Éditorial du dimanche 20 avril 2025
Ann Montreuil, éditorialiste

Image générée par AI: Plantes, Sol. Utilisation gratuite

En ces temps où on se fait marteler de nouvelles économiques, de menaces de tarifs avec tous les chamboulements et incohérences associés, je vous propose le thème de la gratuité tel un oasis où il fait bon se poser.

La gratuité fait référence à ce qui est donné ou fait sans contrepartie pécuniaire ou encore caractérisé par ce qui est injustifié ou désintéressé. En fait, le produit ou service gratuit n’est pas forcément débarrassé du coût mais du prix, ce qui peut contribuer à sa noblesse.

Certes, je vous convie à aller en dehors des sentiers du markéting où, bien souvent, la gratuité est un leurre pour attirer l’attention du consommateur, lui donner l’impression de faire une bonne affaire avant de se faire hameçonner dans un deuxième temps.

Je veux sortir aussi du concept complexe de gratuité au sein de nos organisations gouvernementales (santé, éducation…) qui implique des choix de société fondés sur l’équité et la solidarité.

C’est le geste individuel pouvant être posé par tous et chacun qui m’interpelle, cet élan qui n’attend rien. Je le perçois comme source d’eau vive qu’il ne faut pas retenir, qui irriguera ce qui a besoin de l’être par simple consentement, par confiance.

La gratuité implique de ne pas calculer, ne pas chercher à contrôler, devenir libre et distant par rapport au résultat, se détacher de son égo, être simplement disponible au Souffle.

À travers le bénévolat, plusieurs offrent de leur temps et talents au profit d’autrui. Ils sortent de la logique de l’échange marchand (donner pour avoir) ou de l’action publique (donner par devoir) pour obéir à l’expression d’une fraternité.
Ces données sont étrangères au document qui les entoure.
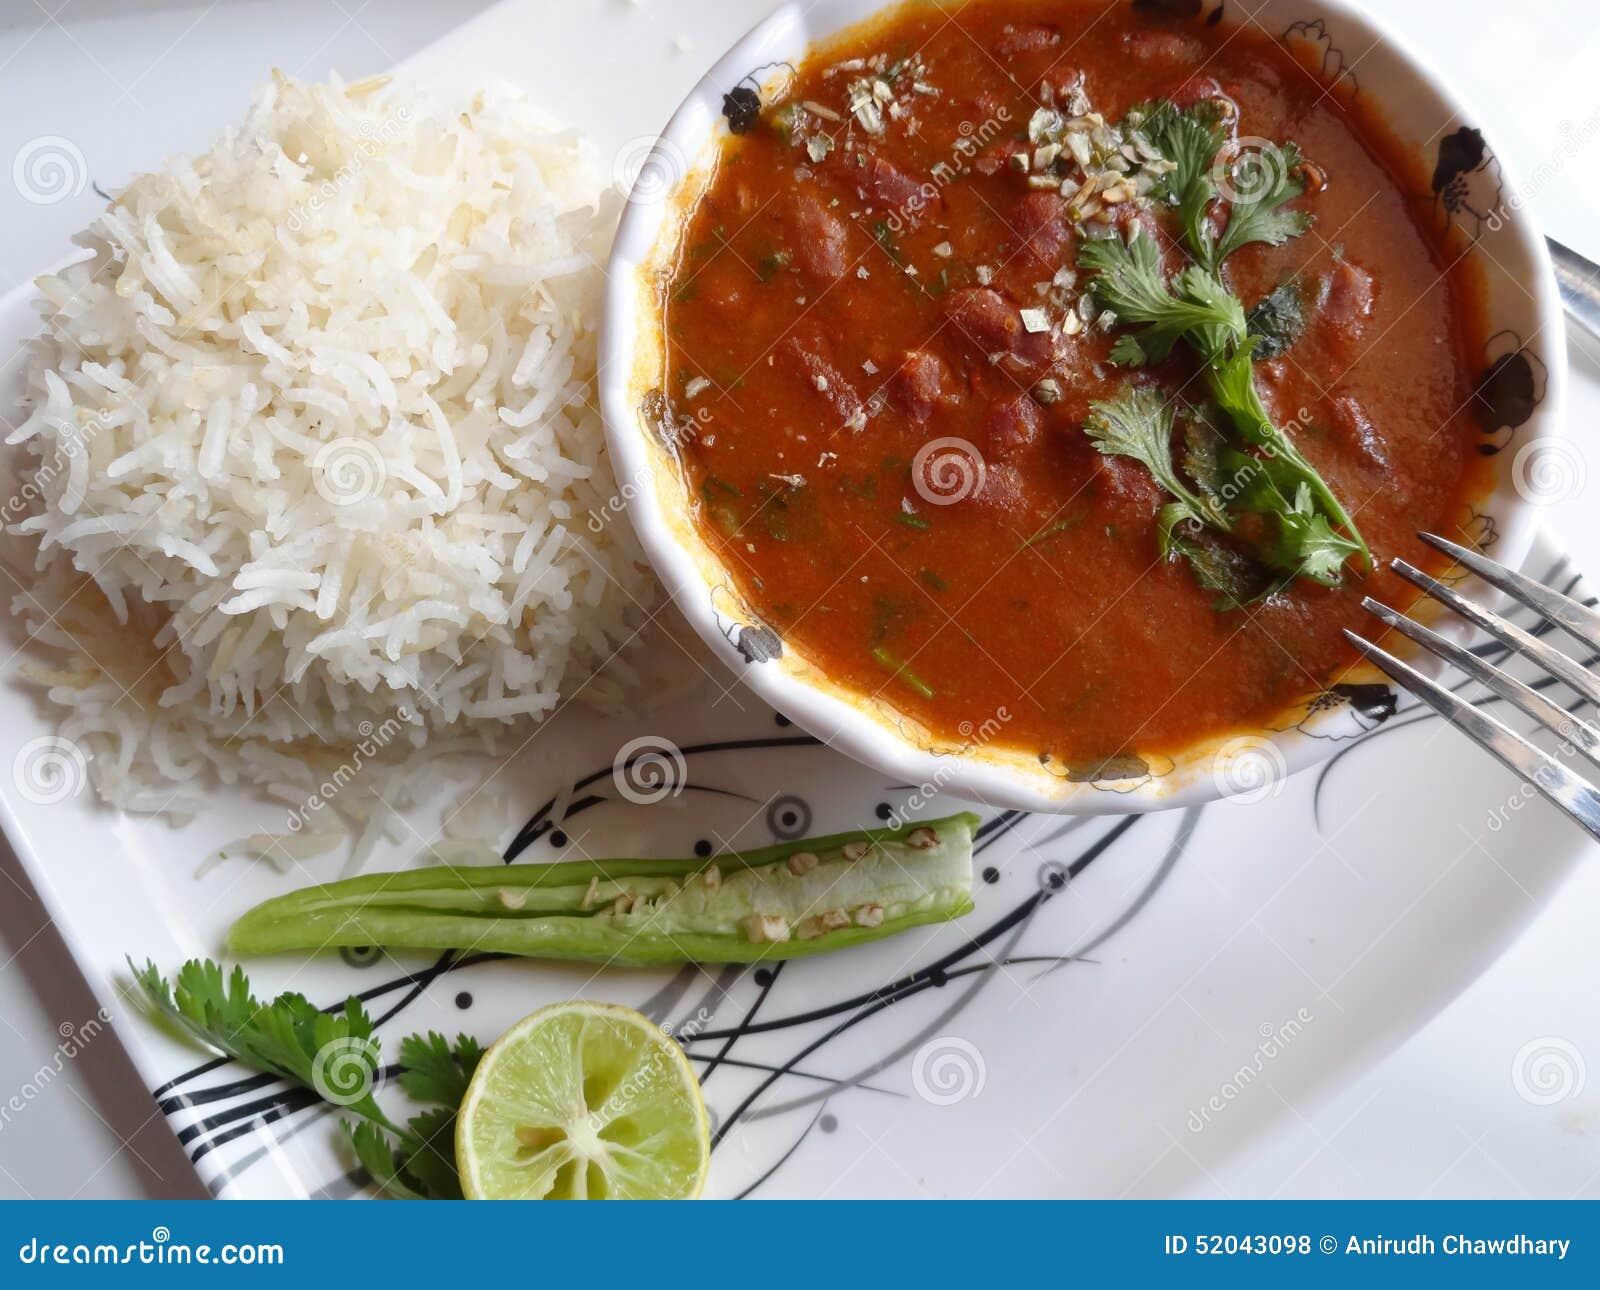 Czerwony Cynaderki Fasoli Sos Z Ryz Indyjska Kuchnia Zdjecie Stock

Je n’exclus pas que la gratuité puisse s’accueillir aussi à travers un service rémunéré lorsque la préposée au bénéficiaire, le marchand, la coiffeuse, l’avocat, le libraire… ajoutent cette touche personnelle d’attention, de présence à l’autre qui ne se quantifie pas, qui n’est pas stipulée dans son contrat. Il y a offre, don de soi, de sa sensibilité, main ou âme tendue.

Que dire de ces tricoteuses qui façonnent bonnets et bas pour garder au chaud des gens qu’elles ne verront jamais.

Que dire de ces gens qui trient dans les entrepôts trop froids ou trop chauds en vue de la distribution des biens pour ceux qui en sont dépourvus.

Que dire de la puissance du sourire offert, du simple bonjour échangé en croisant nos chemins, du siège cédé dans le bus bondé, de la musique du troubadour.

Que dire de la dédicace appuyé d’un regard, du bras offert pour descendre l’escalier, de l’appel ou de la visite inattendue pour signifier qu’on compte dans le cœur de l’autre.

Que dire de ceux qui se lèvent avec leur pancarte pour réclamer justice pour les affligés ou pour s’élever contre les attaques faites à notre planète.

Que dire de ceux qui prient dans le silence de leur chambre en rejoignant ainsi l’esseulé dans sa peine et son désarroi.

La gratuité est accessible à tous, prend les couleurs de chacun. Le mode d’emploi est simple: Faire à l’autre ce qu’on apprécie soi-même. Si tu aimes les fleurs, offre-en; si tu as le bec sucré, ouvre et tend ta boîte de chocolat; si tu as la voix d’un rossignol, partage-la; si la joie t’habite, ne l’enferme pas.

C’est une façon d’oser prendre sa place, celle qui nous est attribuée et y être accueil pour l’autre qui nous croise, se sentir disponible à se faire transporter par l’instant.

Le coût est nul pour celui qui reçoit mais le prix est parfois inestimable dans la mesure où la pleine liberté de celui à qui on offre est respectée. Citons Paul Valery: «L’homme sait assez souvent ce qu’il fait mais il ne sait jamais ce que fait ce qu’il fait». Il y a donc une part de confiance et de spontanéité nécessaire de même qu’un appel à être outil de plus grand que nous.

Cela ne veut pas dire qu’il ne nous en coûte pas de donner un peu de soi. Bien que par définition la gratuité implique qu’il n’y a pas d’attente d’un quelconque retour, bien souvent une réciprocité est obtenue. La valeur créée est non pas valeur d’échange mais de liens.

Comme le disait Louis Pauwels «Le progrès n’est pas de renforcer les parenthèses mais de multiplier les traits d’union.»

En ce temps pascal, moment du Don Ultime consenti par Amour au-delà de tout entendement, embrassons cette invitation à donner à notre tour un peu de soi, de notre vie, avec et par Lui.